4. Per-Task-Type Permission Profiles (Partially Implemented)

Config schema only

task_profiles is present in the config schema and values are stored, but per-task-type file pattern restrictions (allowed_file_patterns, blocked_file_patterns) are not enforced at runtime. The controller reads AllowedTaskTypes for validation but does not yet apply profile-level constraints to agent pods.

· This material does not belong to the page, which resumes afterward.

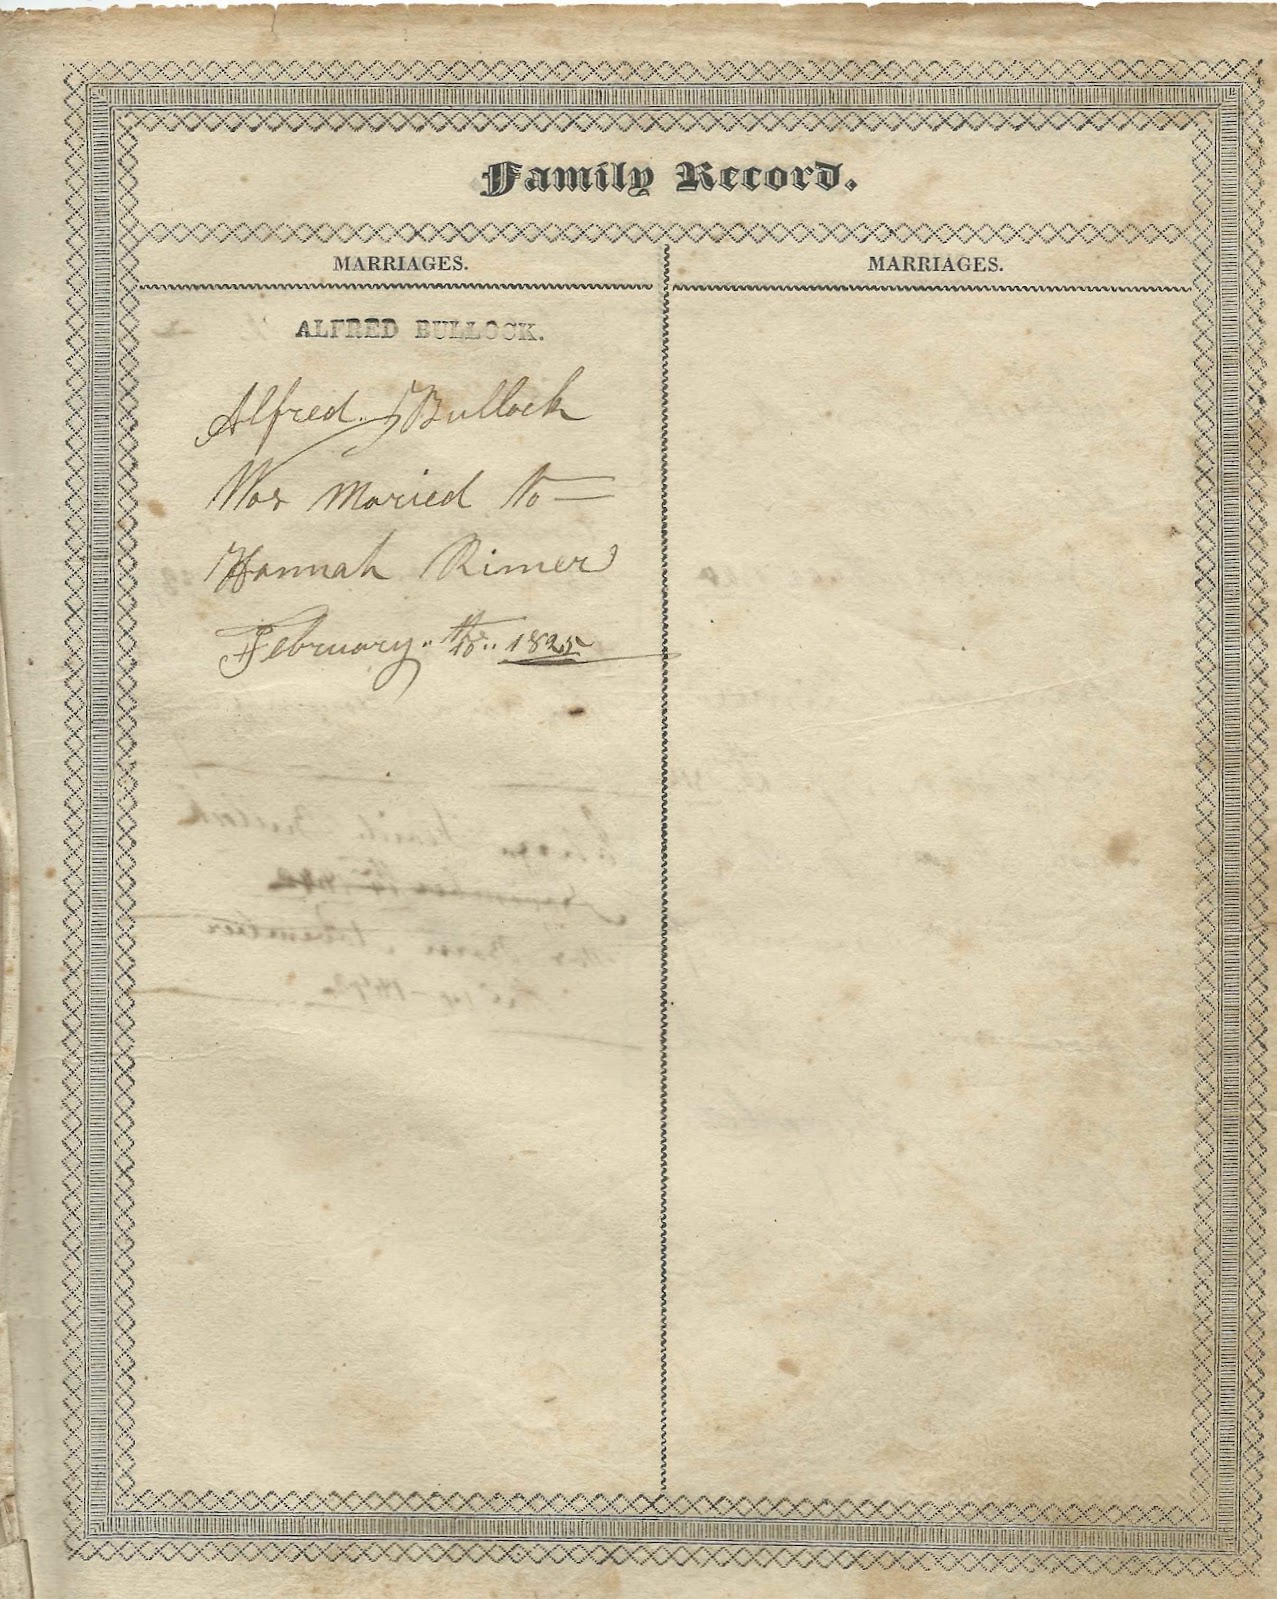 Heirlooms Reunited: Family Bible with Records of Alfred Bullock and ...

The task_profiles config structure is defined for future enforcement:

guardrails:
  task_profiles:
    dependency_upgrade:
      allowed_file_patterns:
        - "pyproject.toml"
        - "requirements*.txt"
      max_cost_per_job: 30.00
      max_job_duration_minutes: 60

    bug_fix:
      blocked_file_patterns:
        - "**/migrations/**"
        - "**/auth/**"
      max_cost_per_job: 50.00

    documentation:
      allowed_file_patterns:
        - "*.md"
        - "docs/**"
      blocked_commands:
        - "git push"
      max_cost_per_job: 10.00

The controller selects the profile based on ticket labels or the ticket_type field from the ticketing backend.

5. Quality Gate

An optional post-completion review that runs as a separate K8s Job:

quality_gate:
  enabled: true
  mode: "post-completion"
  engine: claude-code
  max_cost_per_review: 5.00
  security_checks:
    scan_for_secrets: true
    check_owasp_patterns: true
    verify_guardrail_compliance: true
    check_dependency_cves: true
  on_failure: "retry_with_feedback"

The quality gate is read-only — it cannot modify the repository.

6. Progress Watchdog

Detects agents that are stalled, looping, or unproductive during execution:

progress_watchdog:
  enabled: true
  check_interval_seconds: 60
  min_consecutive_ticks: 2
  research_grace_period_minutes: 5
  loop_detection_threshold: 10
  thrashing_token_threshold: 80000
  stall_idle_seconds: 300
  cost_velocity_max_per_10_min: 15.00
  unanswered_human_timeout_minutes: 30

Detection Rules

Rule Detects Action
Loop detection Same tool call repeated N times Terminate with feedback
Thrashing High token use, no file changes Warn, then terminate
Stall No tool calls for N seconds Terminate
Cost velocity Spending > $X per 10 minutes Warn
Telemetry failure Heartbeat stopped advancing Warn
Unanswered human NeedsHuman with no response Terminate and notify

All terminate actions require the anomaly to persist for at least min_consecutive_ticks checks to prevent false positives.